Sunday, 9 February 2014



I spent a good part of this morning crawling around with a roll of masking tape, masking off bits of my bathroom so that it could receive a slightly early Spring repaint. Fortunately, like most British people, I live in a very small house, so, unlike Mole in Wind in the Willows, I didn't get browned off with the refresh. Mind you, it is certainly a universal truth that masking tape best likes to stick to itself.  I spent part of this evening masking up the Airfix Vampire, and proved the truth of that observation, this time in Braille scale:

Irritatingly, the RAF clearly thought it a good idea to run their training ID bands almost up to, but not quite, the booms - not an easy thing to mask in 1/72 on such a small aircraft.

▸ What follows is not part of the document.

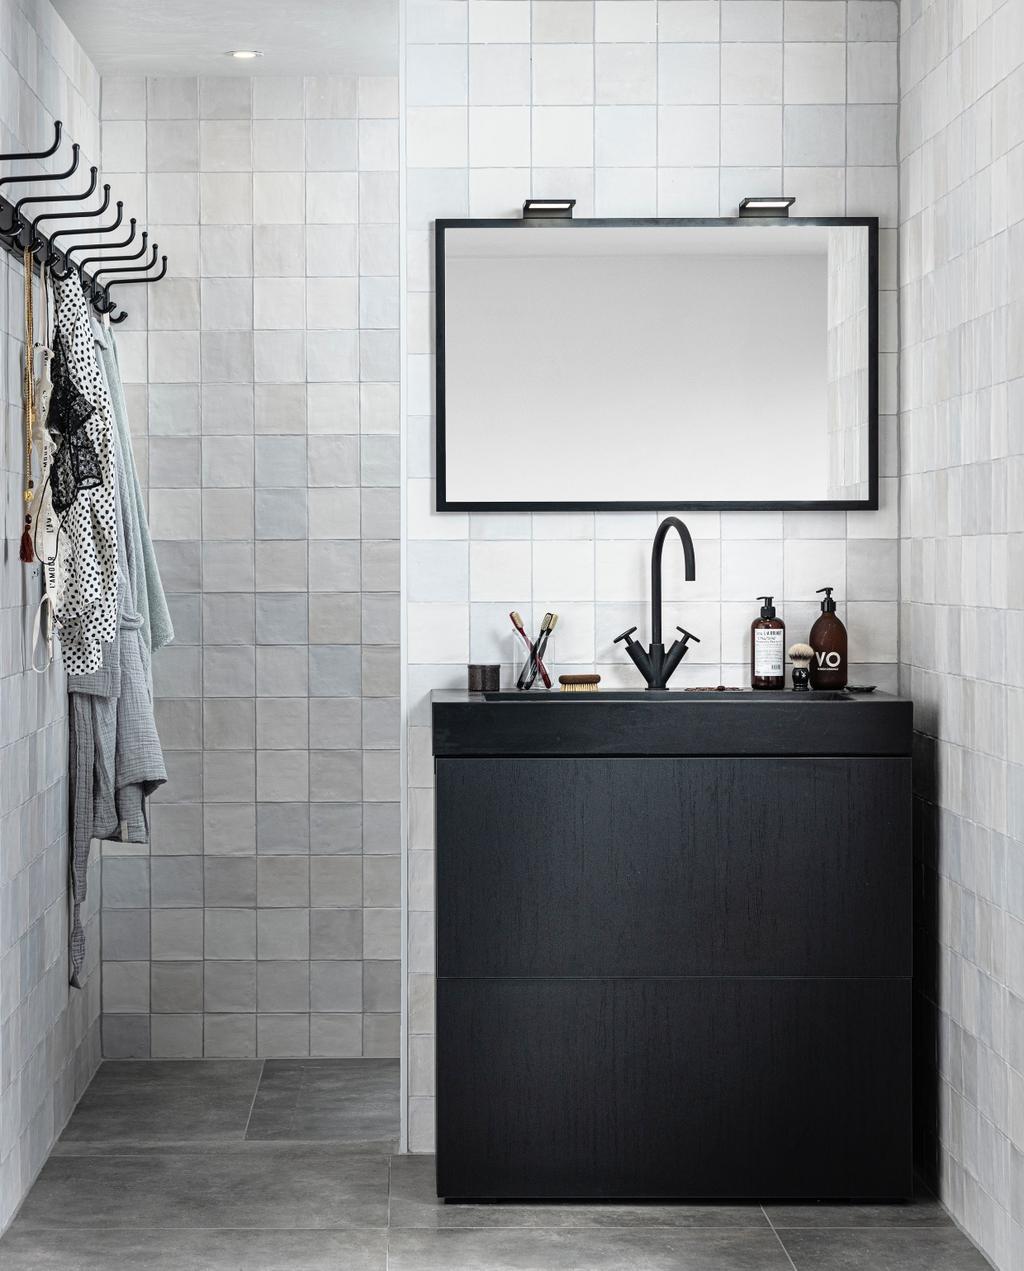 vtwonen collectie 08-2020 badkamer zwarte wastafel met spiegel

However, I am still enthusiastic about this little project, and yesterday discovered a copy of:

in my local newsagent. For a mere £7.95, I got 130 pages of wonderful period photos (from the doubtless vast 'Aeroplane' archive), and articles on the development of the type (and the Venom and Sea Venom), flying the thing, and plenty of material and photos of foreign users and licensed builders of the Vampire. Cracking stuff. Two things stood out for me. Firstly, for someone used to the small numbers of aircraft in the current RAF (we shall say nothing of the awful fixed winged fiasco that has engulfed the FAA. Good job China is only just out into blue water - I'm not sure how comfortable I'd be if I was an Australian or Kiwi in that particular respect), the numbers of Vampires built seem huge. For example, 349 at Hatfield, 979 at Chester, 242 at Christchurch, 1311 at Preston, and 97 at Ringway, and that's not to mention Indian, Australian, French and Swiss production. I know that, of course, modern aircraft are infinitely more capable than aircraft like the Venom, that the F-35 looks like being an amazing piece of kit, and the future is pilotless/remote, but, still, numbers count to some degree, especially when one thinks of rates of attrition (remember the loss rate of Tornadoes in the First Gulf War?).  The second thing that struck me was the losses of aircrew in training. One chapter in the book/magazine is a reminiscence by an former Vampire pilot about his conversion training onto the type. n the comparatively short period of that training, one instructor and two trainees were killed in three separate incidents. On the death of the instructor, the author wrote: 'No one seemed particularly concerned, but flying was cancelled for our course for one afternoon as the instructors all went to his funeral'.


  1. It seems to have been VERY popular as a trainer. I wouldn't be surprised if our Air Corps next door to you is still using them as the primary fixed-wing trainer, even though my dad worked on them in Baldonnel 40 odd years ago.

  2. Apparently there is a very nice example at the Irish military museum in Dublin. An elegant thing.